Correct. You are talking about a marketing/licensing issue, not a technical issue. So adding in linked clones, what else is needed? If that is all I would rather have VMware spend their developer resources on a single product making it better and adding in feature parity to retire Lab Manager than splitting resources between two product lines that duplicate functionality.
Hi Ian, I am not so sure that Lab Manager is dead. vCD will require Enterprise Plus Licenses for all ESX hosts in the cluster that is part of the Resource pool.
The SMB market will not have the resources / finances available for such a venture.
Hi Ian, great blog! A colleague pointed it out to me, as I’m the “Paul” from the APAC region, actually it’s Phil, but I was the only guy from APAC on the Lab Team, so assume it’s me! As some of your other respondents have pointed out there are still some functional gaps between Lab Manager and vCD, so right now we should choose the right product for the right use case, but with a preference for vCD if it meets all the current requirements.

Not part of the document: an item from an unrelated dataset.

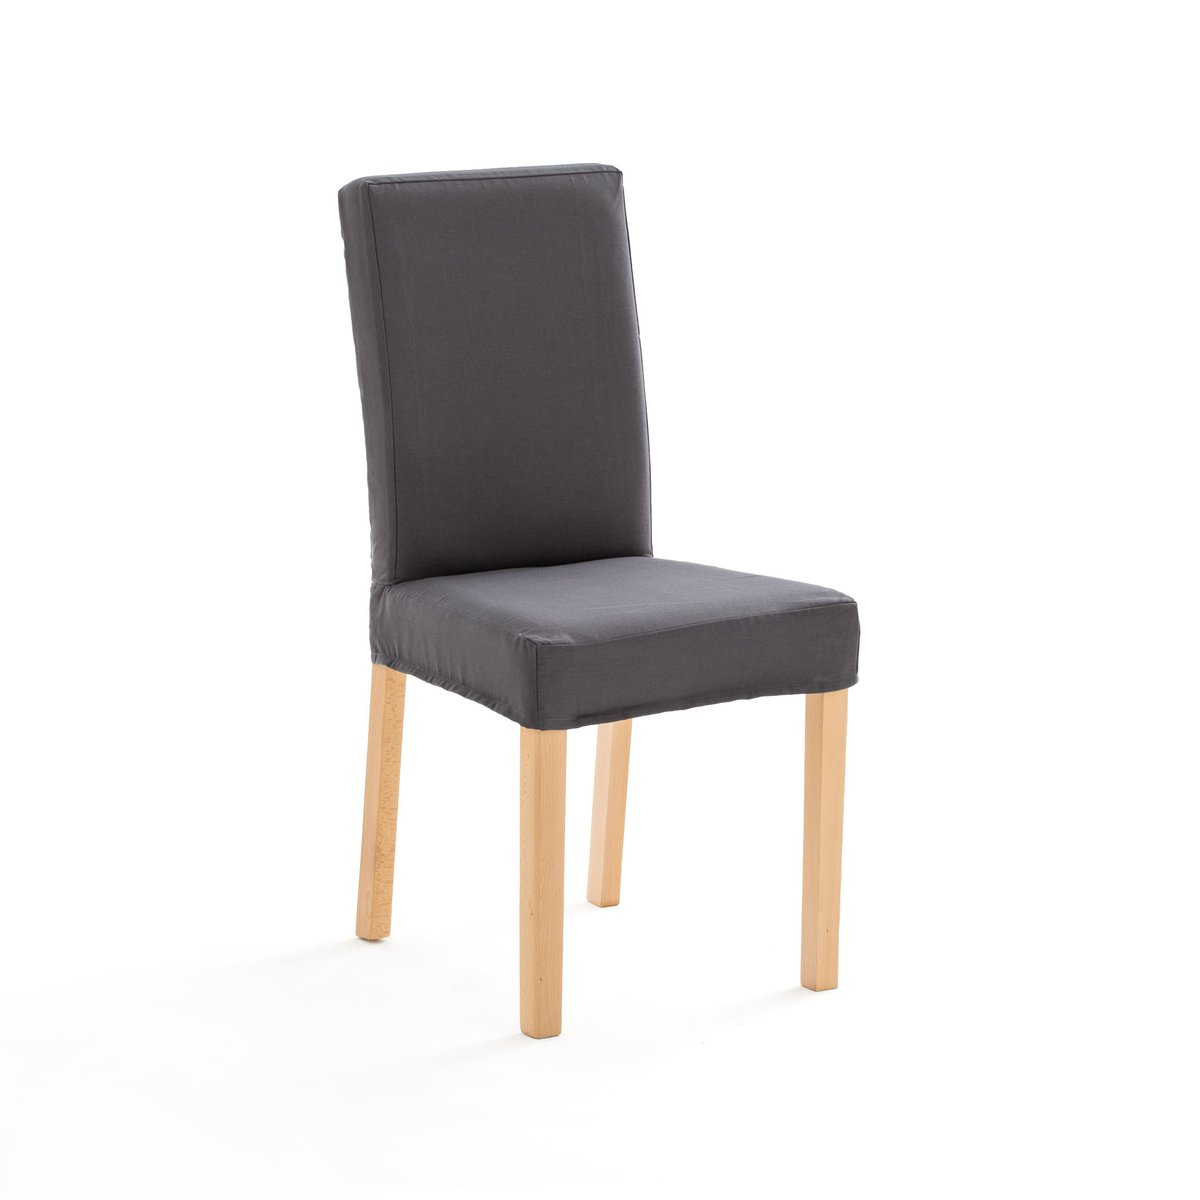 Чехол La Redoute На стул из хлопка DOMME единый размер серый - фото 1

I’d just like to correct Maish’s post, vCD will actually work with vSphere Standard, but the limitation here is you have to set up all your PortGroups manually first in vSphere before they can be consumed. In an SMB environment that would be fine (small number of portgroups, relatively static).
We do strongly recommend Enterprise Plus because of the virtual Distributed Switch which allows vCD to do all the network provisioning dynamically.
Hope that helps, and clarifies things. As for linked clones… watch this space.